Restaurant Menu Design Ideas as a Food for Thought

Sadly, a restaurant menu design and layout is overlooked but it is indeed a reflection of the restaurant itself. The menu design and layout as well as the colors, whether it is formal, casual, or playful, should be compatible with your restaurant concept. The font and color structure on your menu should mirror the motif of your restaurant. Perhaps you want to open a Mexican themed restaurant. Vibrant colors such as red, purple, turquoise, and green would be ideal choices for your menu. Those colors and font on a menu, however, would not blend with the decors at a French bistro or at an Italian restaurant. Menus at a French bistro have a classic script or a simple plain font. Sports bars and other casual dining establishments tend to use less formal or playful fonts. A font that is too small or hard to read is never recommended.


If you take a look at a menu at most restaurants, you will notice this it is arranged in a sequential matter: appetizers, soups, salads, entrees, desserts, and beverages. Sections on the menu should be identifiable by the bold headings, borders or boxes. Highlighting specialty dishes, a house’s favorite, signature dishes with a star or other insignia is one way to showcase your chef’s talents thus drawing customer’s attention to these dishes.


Depending on the size of your restaurant menu, one or two columns are popular layouts. Adding more than two columns can make your menu look more like newspaper classifieds. Daily specials can easily be updated with a mere clear menu insert. Too many pictures or backgrounds can make a menu illegible. Common computer clipart can diminish the professional look of a restaurant menu design.

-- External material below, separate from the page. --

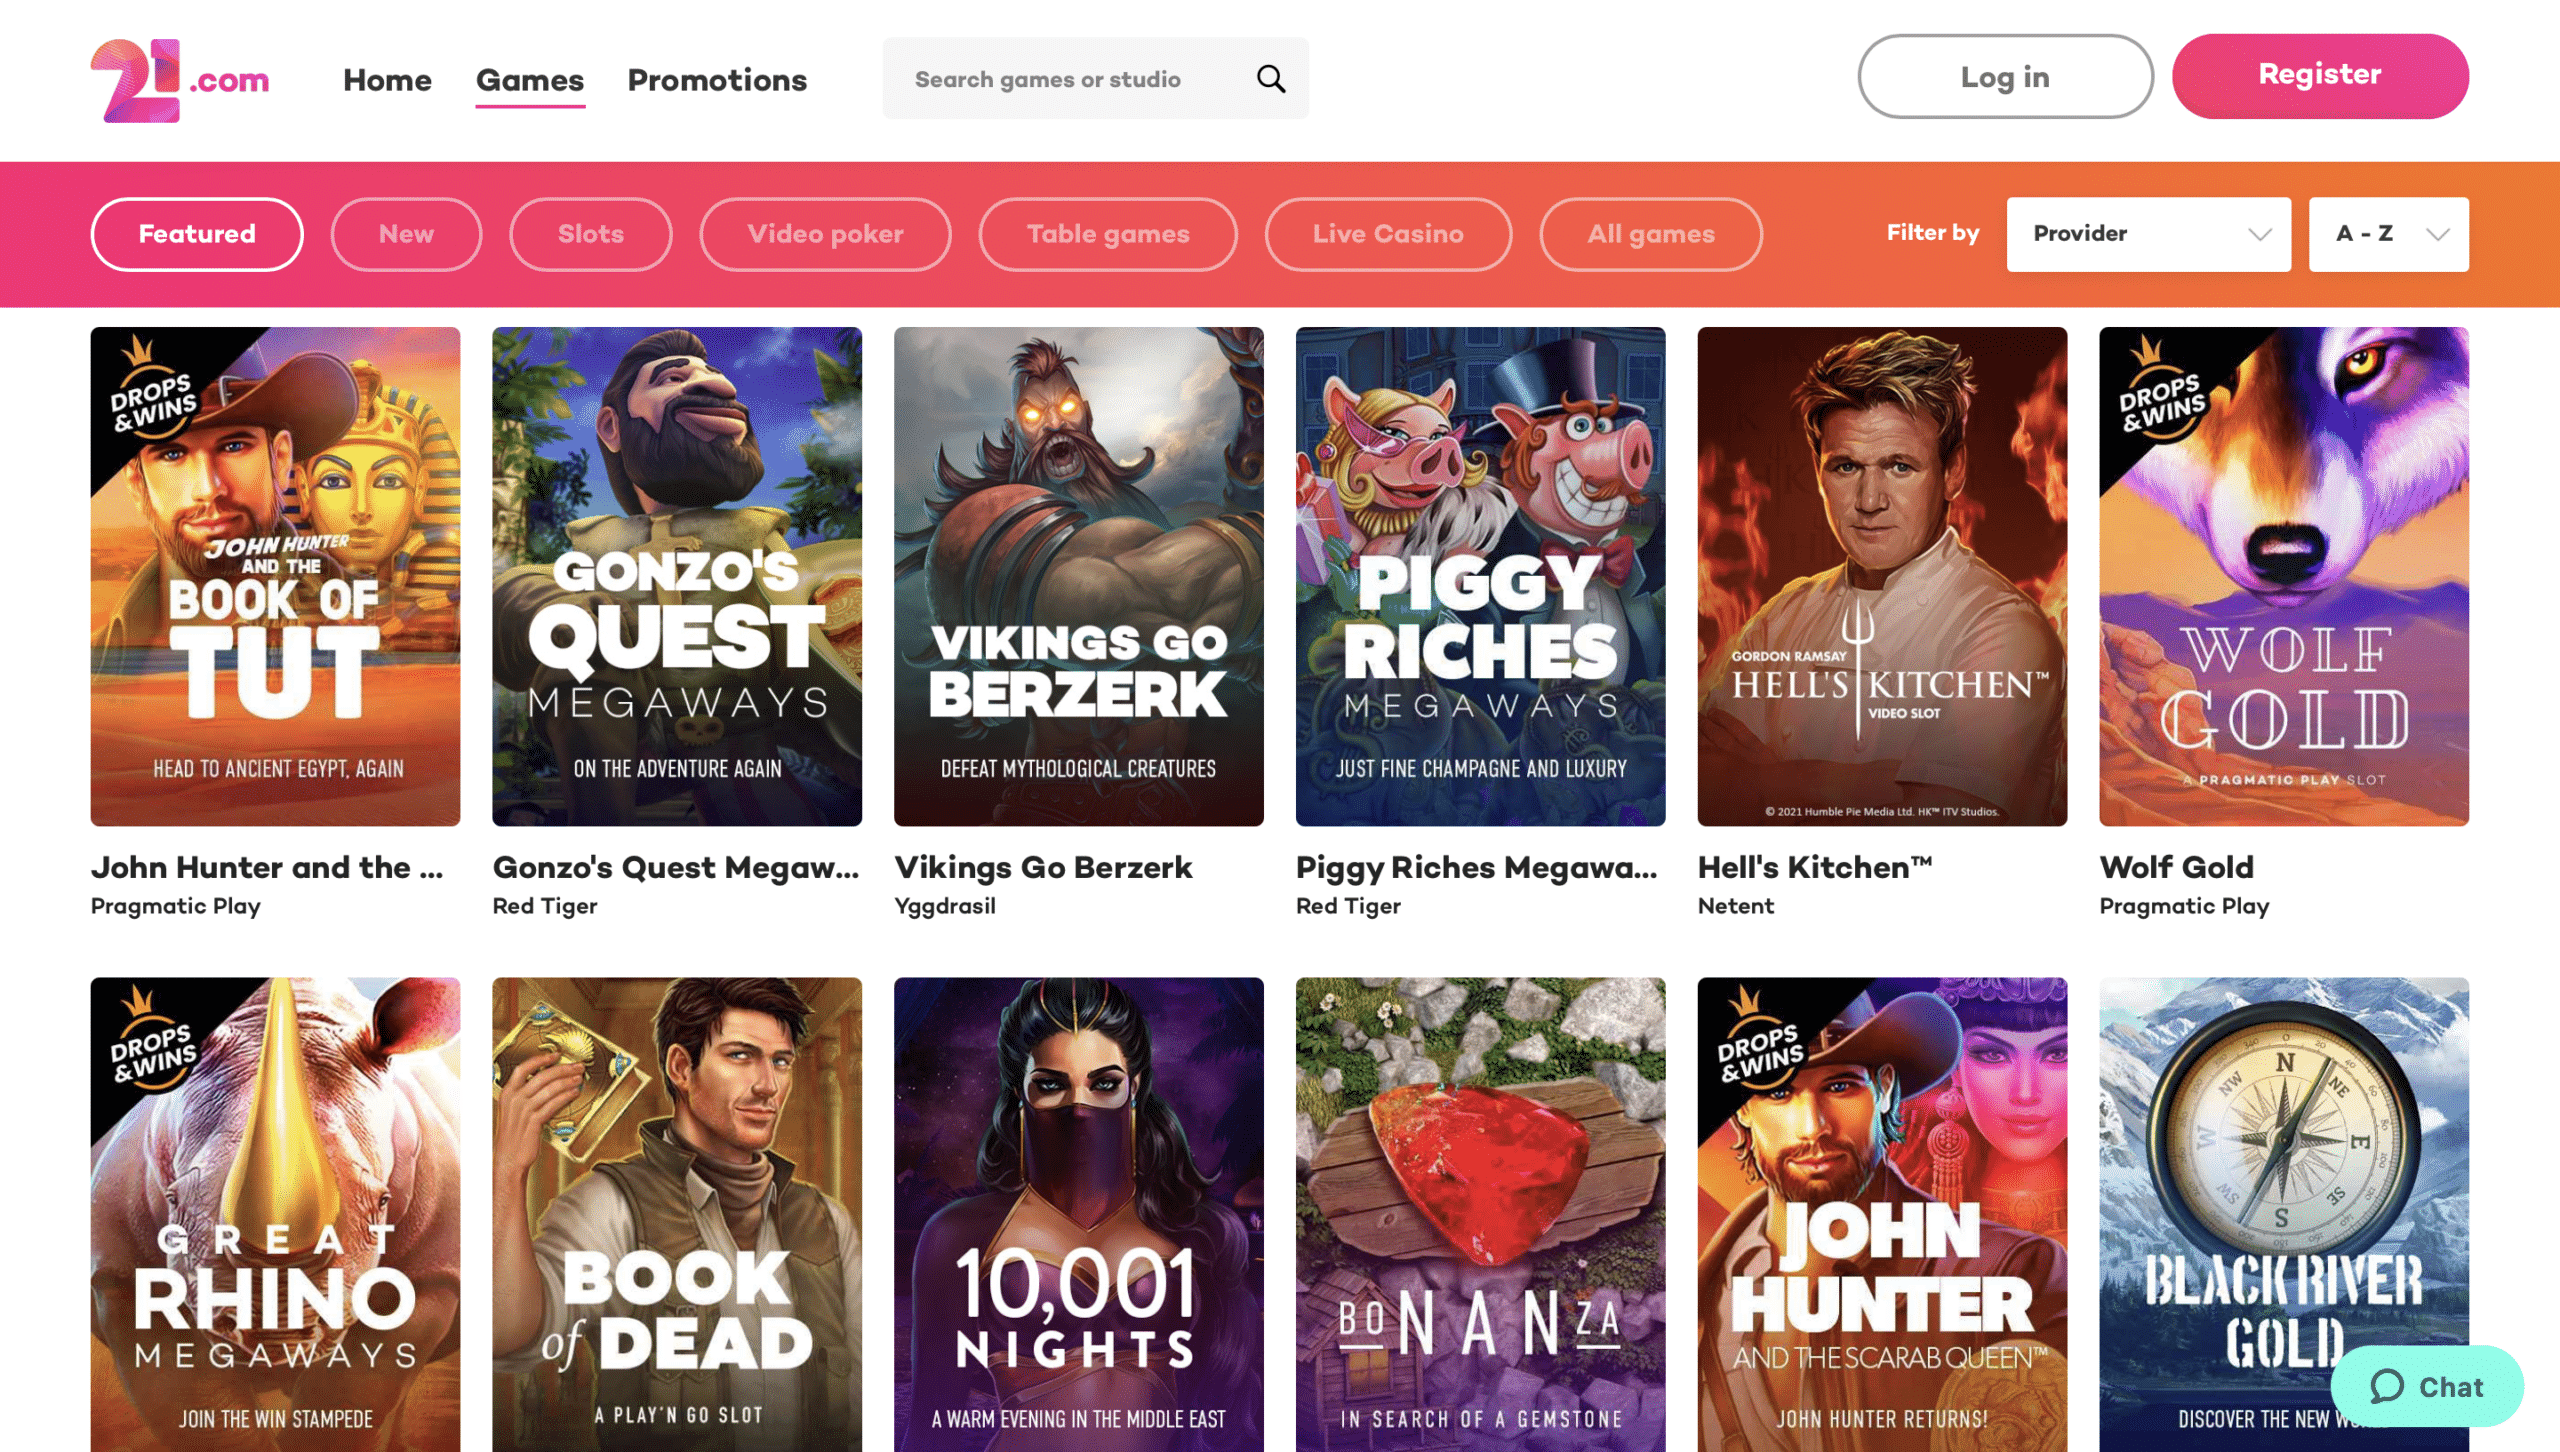 21.com Game Selection

Using (Color) Psychological Tricks on a Menu Design

Color can be used for emphasis as it triggers emotional responses among people. Much how a restaurant color scheme of an interior design can have psychological effects on a customer’s appetite, so can color in a menu design. At most, colors influence food sales. Red and yellow are chief food colors that are thought to evoke the taste buds and stimulate appetite. These colors are proven to be effective in the fast food industry when used on their own or in various pairings. Orange naturally lends itself as another appetizing color to food. Even though orange is a trendy color, it can be a double-edge sword. Depending on its context and intent, orange can work for or against your product. Connoting eco-friendliness and health, green is often used as a color scheme in both the interior design and menu at vegan/vegetarian restaurants. Cool tones like purple and blue don’t typically stimulate appetite as much and therefore the context and application should be done with care. Bright colors imply a burst of flavor and desserts among other sweets often come to mind. Subdued and muted color tones signify deep, savory and complex flavors but also work nicely for rich and sweet flavors like chocolate.

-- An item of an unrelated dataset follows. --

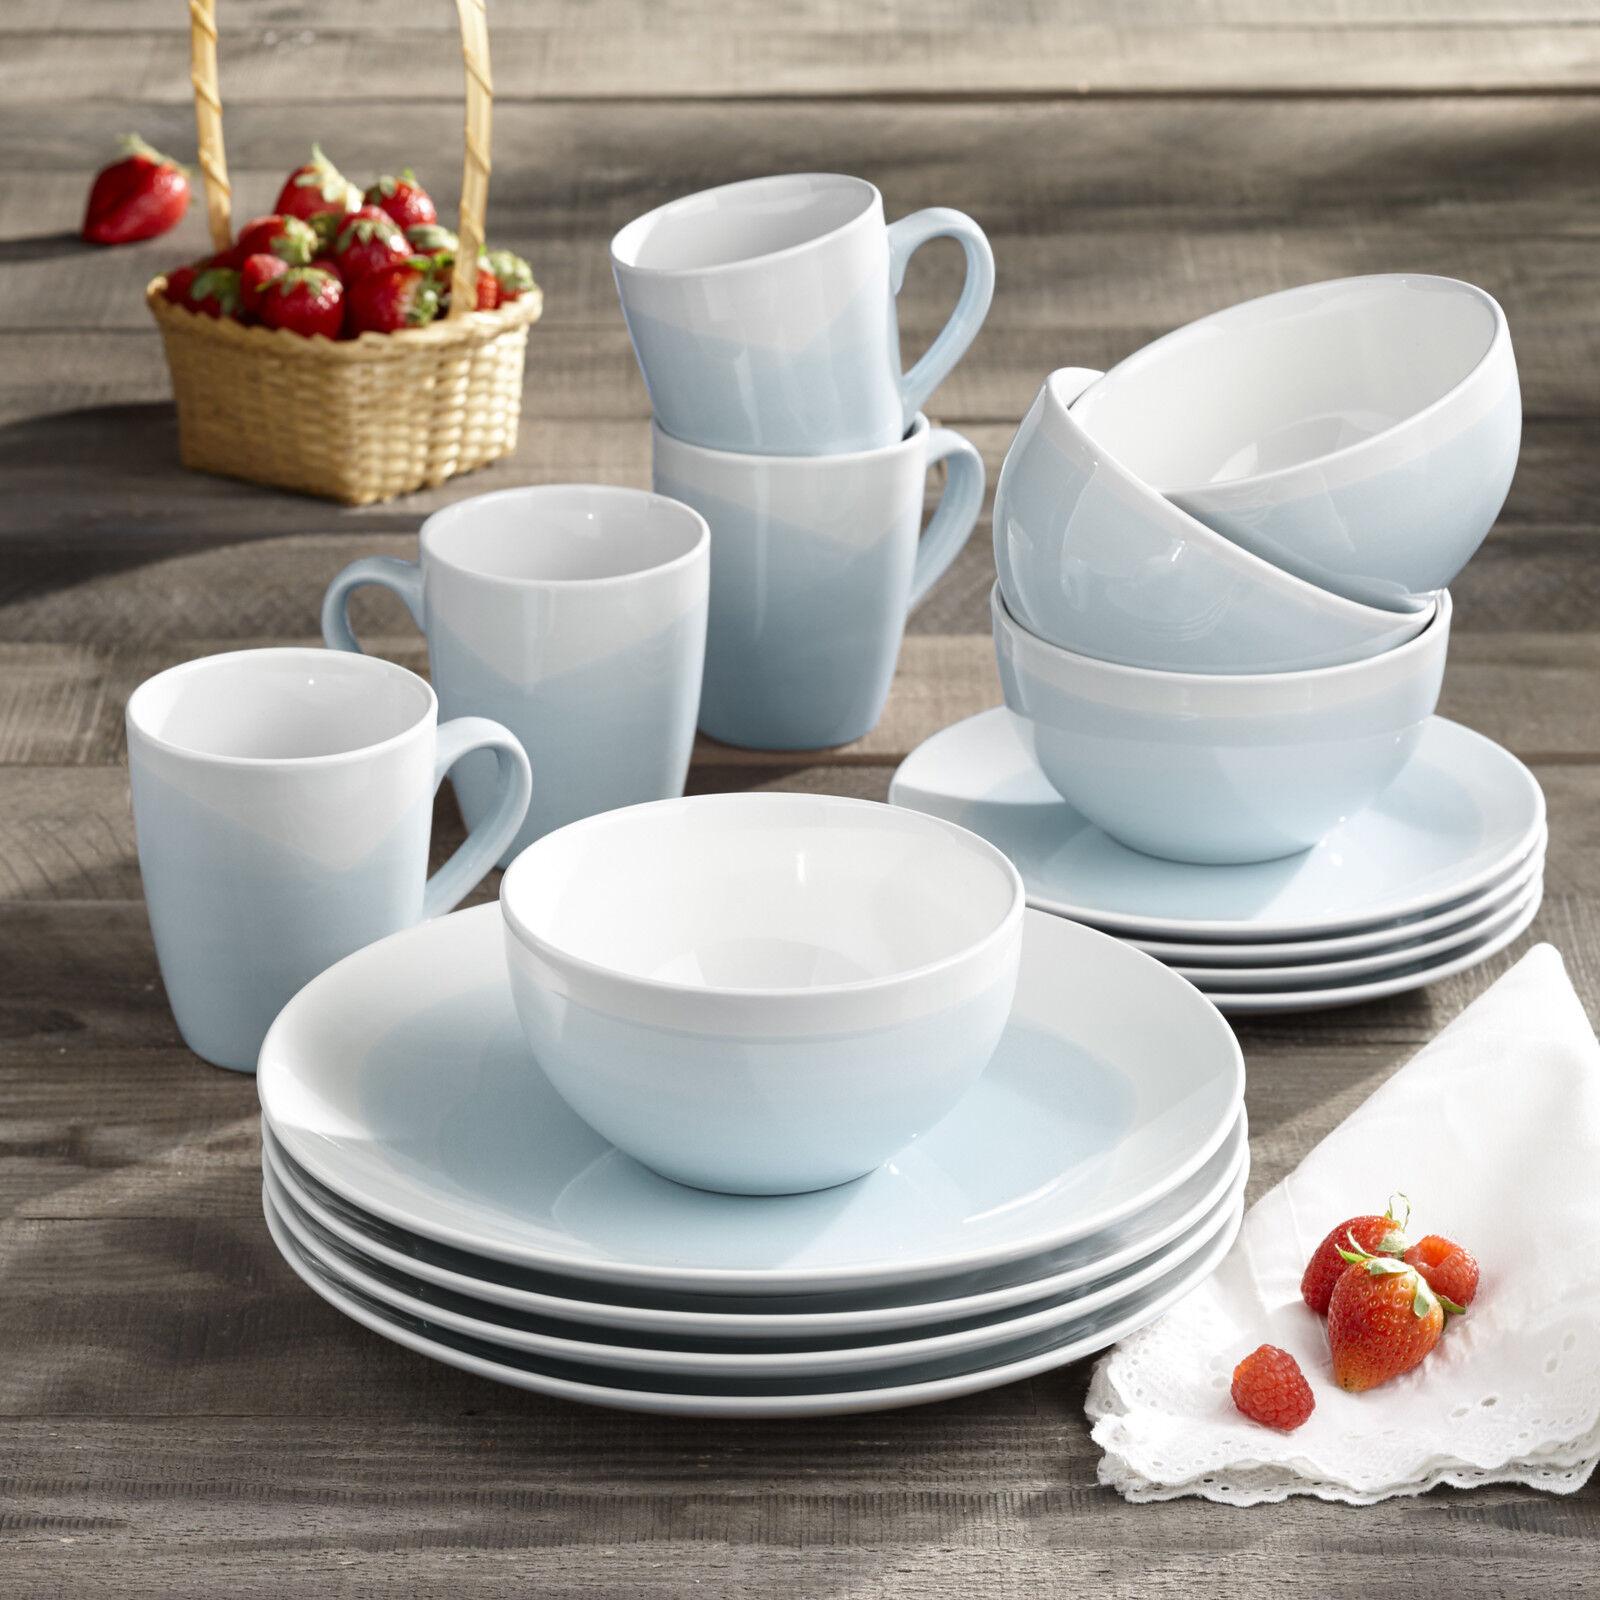 Bleu Brushstroke Dinnerware Set 16 Piece DESSERT 4 Place Vaisselle Bols Tasses Assiettes

Psychology and marketing come into play in a restaurant menu and use a technique that the food industry calls “eye magnet” – virtually anything that draws attention to the eye. Nostalgia is a powerful emotion and can be used to encourage customers to order certain dishes associated with it from a menu. Menus use a lot of eye magnets that include shaded boxes and frames with solid and/or dotted lines. Elements like arrows and ribbons are used in a menu to catch the attention of the patron. Sometimes, certain dishes are highlighted by a box or frame as a tactic to encourage patrons to order from that selection.

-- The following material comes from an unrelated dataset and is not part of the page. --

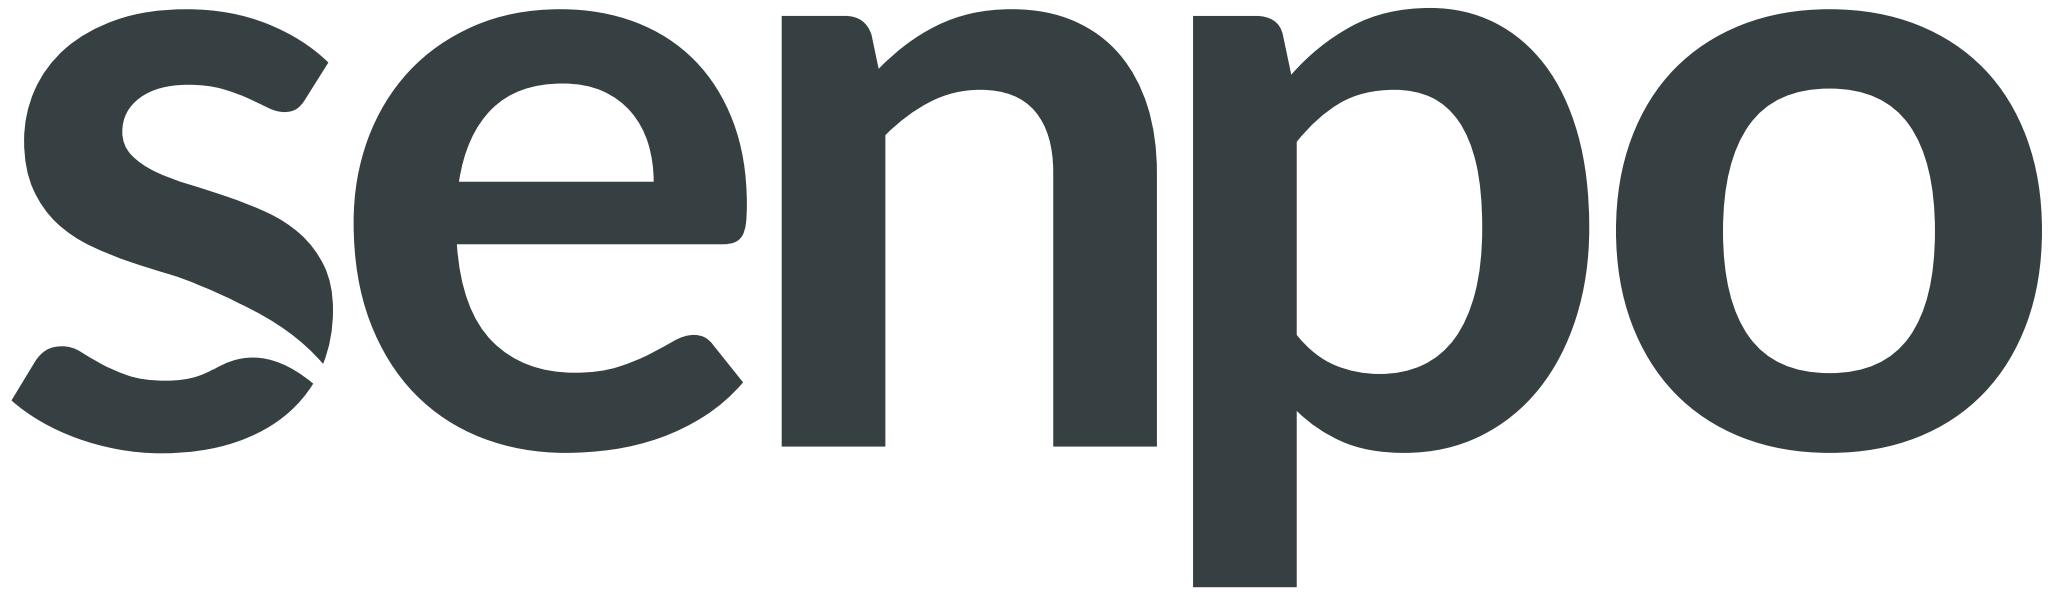 SENPO 30

Whether photos in menus are effective or not fundamentally depend on the type of restaurant. Pairing photographs with every dish listed on the menu is a technique a lot of people associate with cheap and low-end eateries. Upscale venues avoid this practice for that reason. Certain restaurants claim that featuring one photograph per page on a menu has increased the sales of that item by 30%. The quality of the photograph is another factor that can influence the customer’s appetite and effect sales. Photos that play up to the dish’s ingredients, colors, and textures can make the item visually appealing enough for people to want to order it. Consequently, poor quality images can have the opposite outcome.